* Given material *
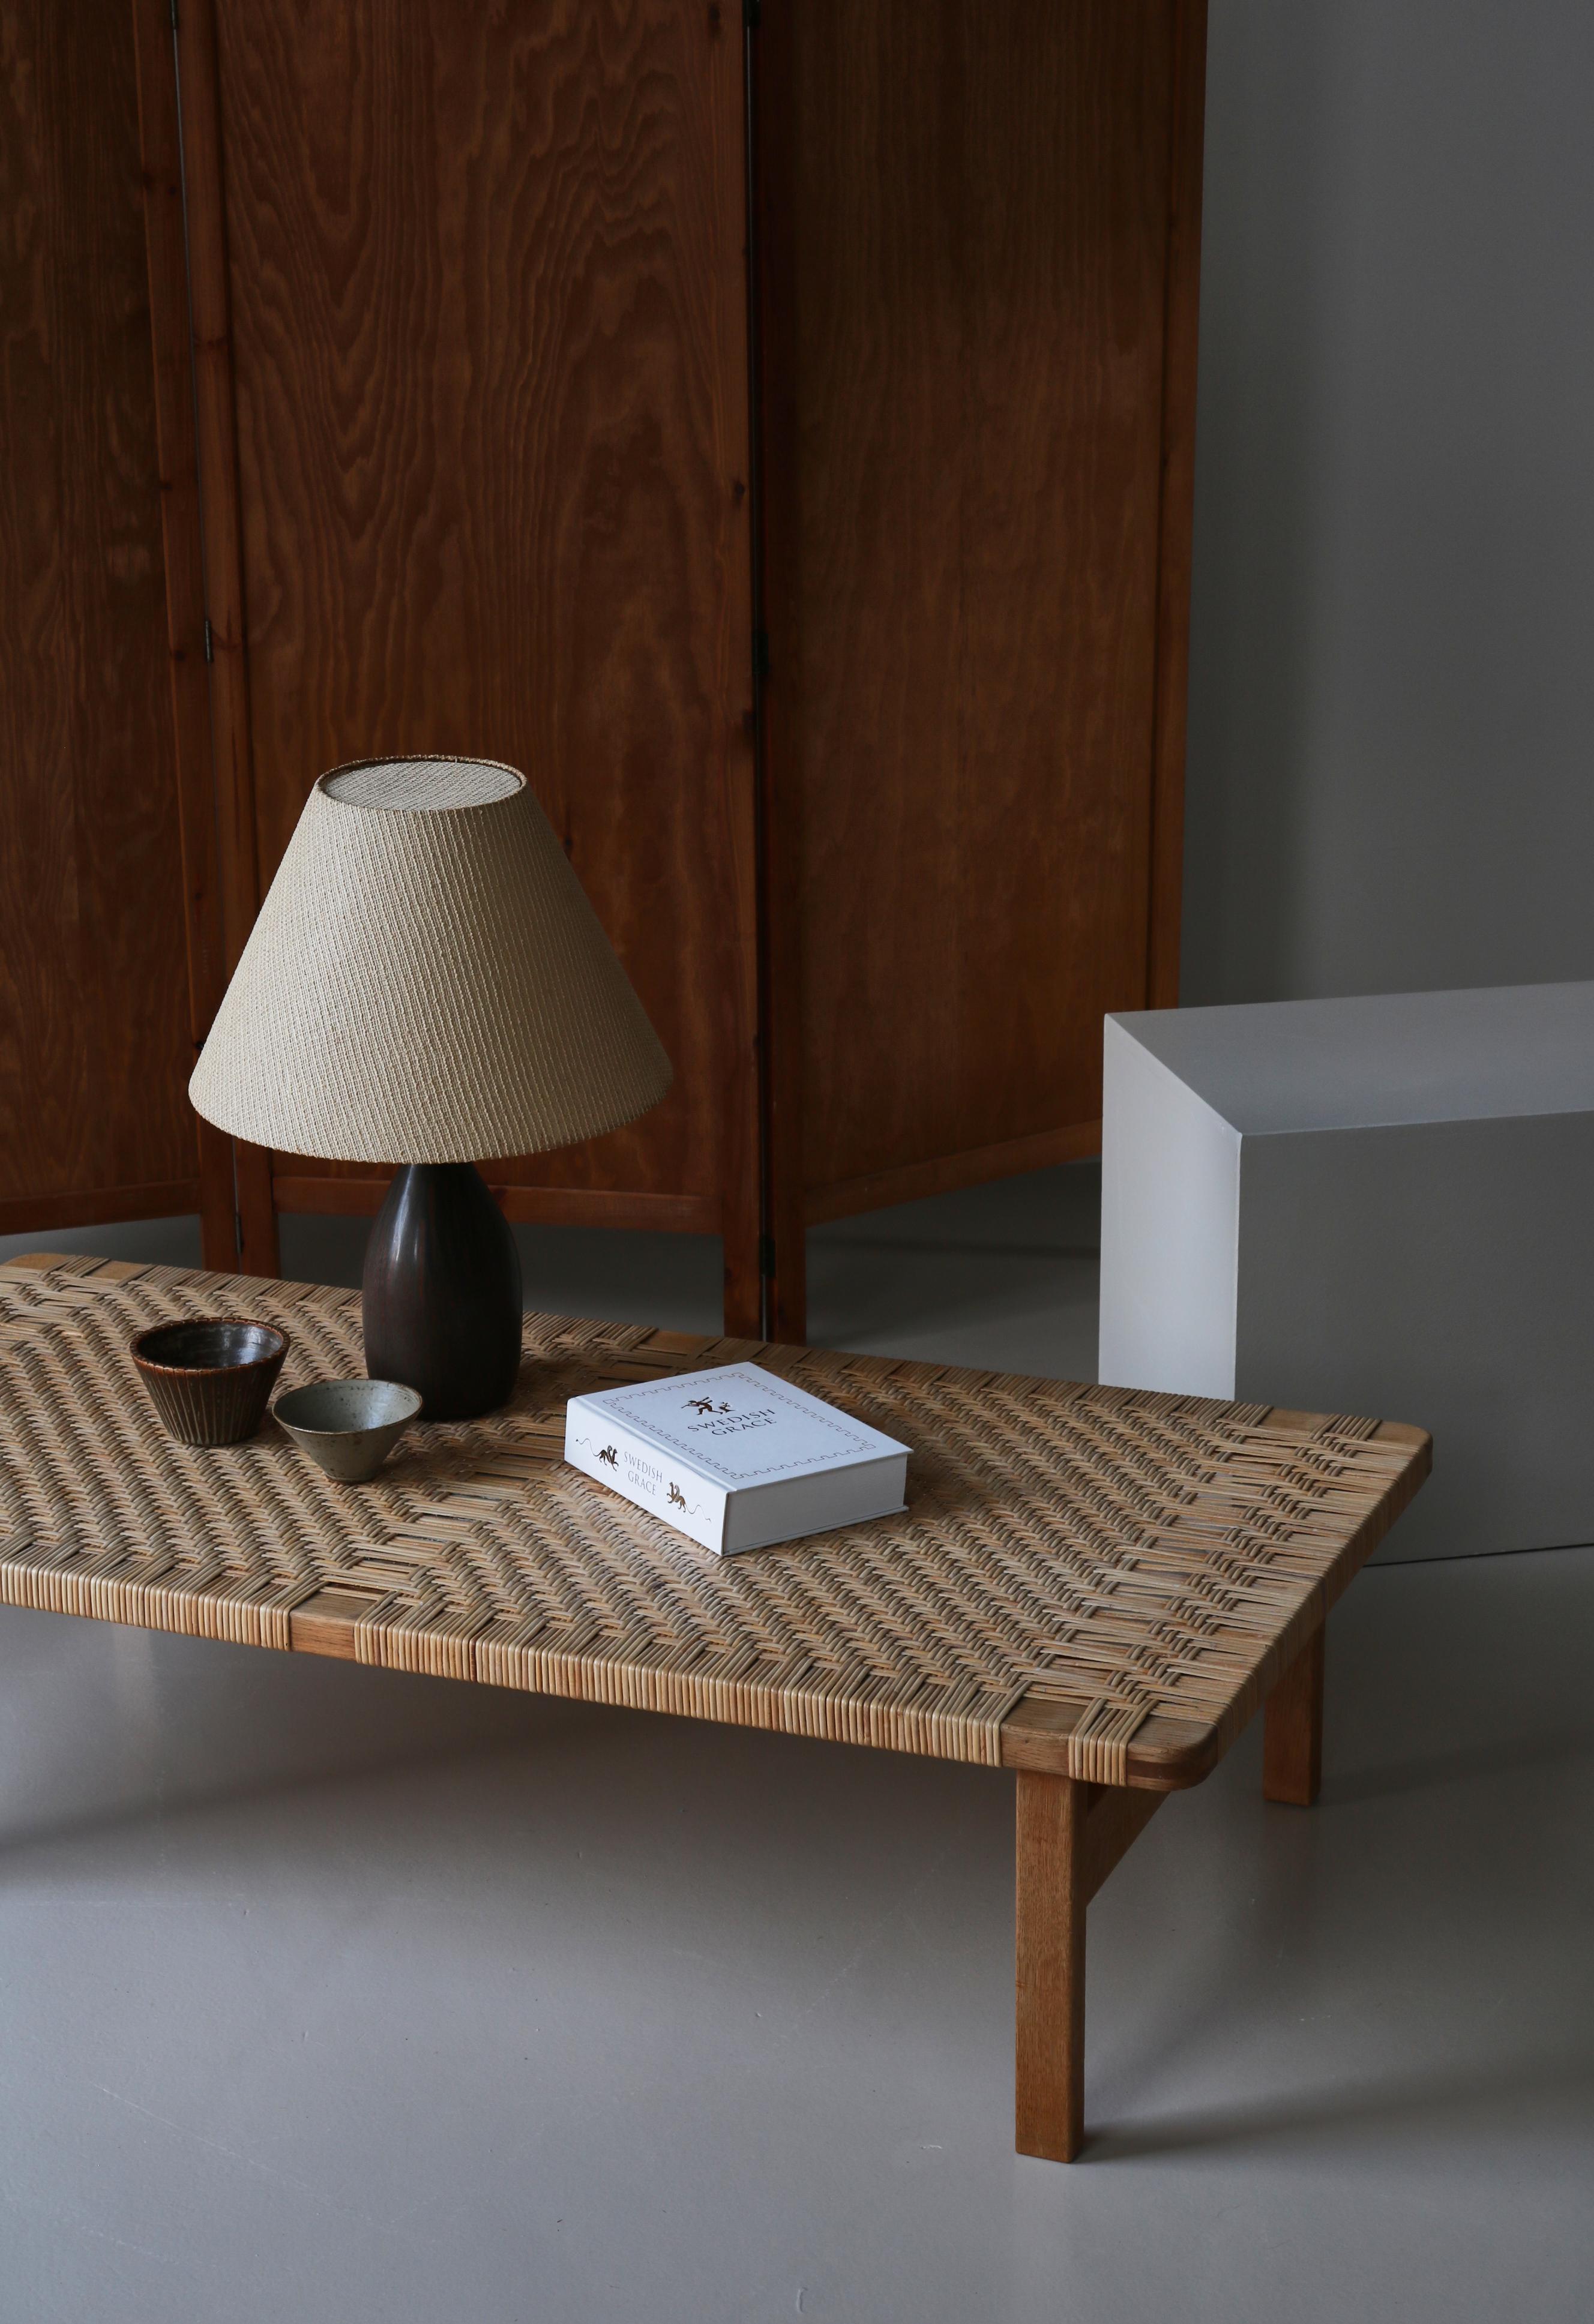 Borge Mogensen Large Side Table or Bench in Oak and Rattan Cane, 1960s, Denmark For Sale 10
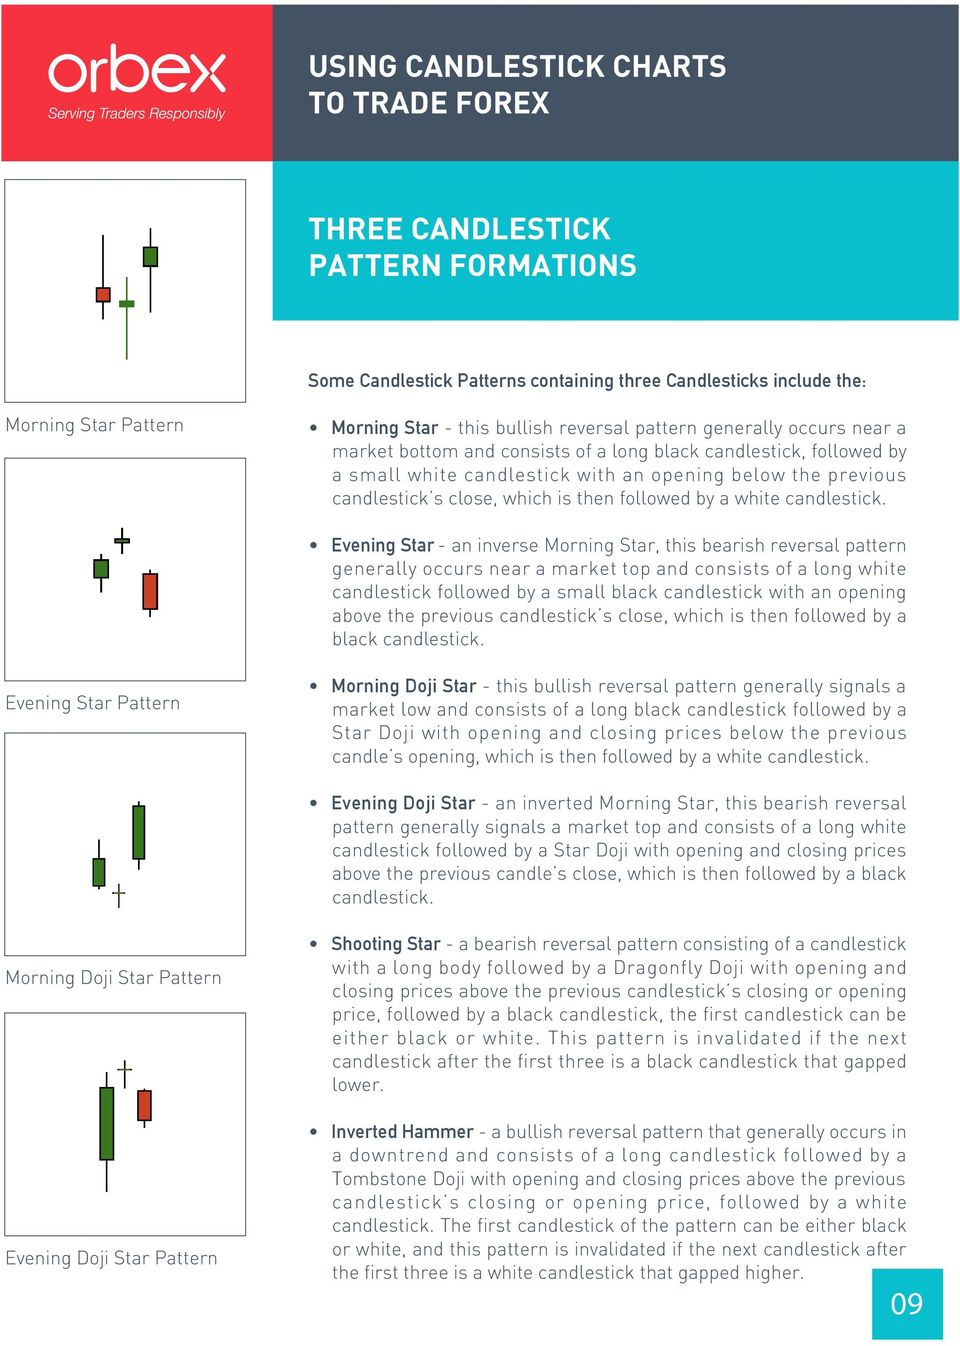 Evening Star - an inverse Morning Star, this bearish reversal pattern generally occurs near a market top and consists of a long white candlestick followed by a small black candlestick with an opening
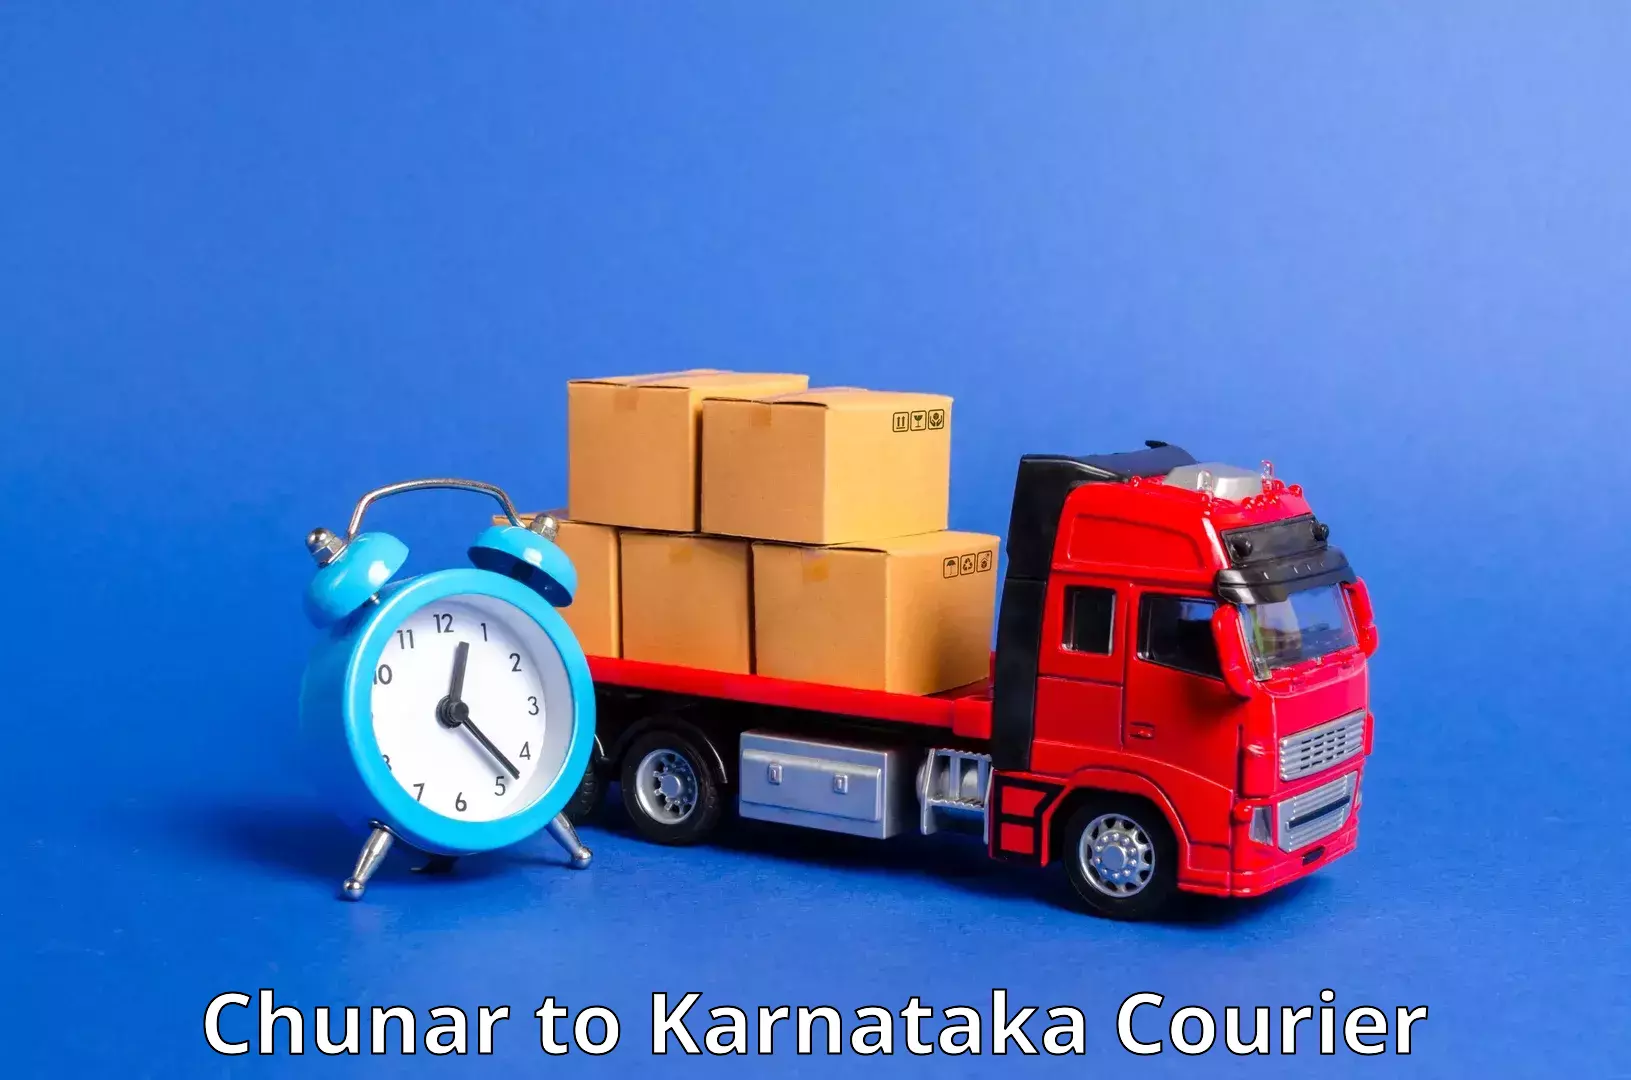 Premium delivery services Chunar to Manipal

* Exercise goal *
Write out only the lines from the line containing "Evening Star - an" through the end of the material above, both end lines included. Pictures are not written out.

* Answer area *
 Evening Star - an inverse Morning Star, this bearish reversal pattern generally occurs near a market top and consists of a long white candlestick followed by a small black candlestick with an opening
 Premium delivery services Chunar to Manipal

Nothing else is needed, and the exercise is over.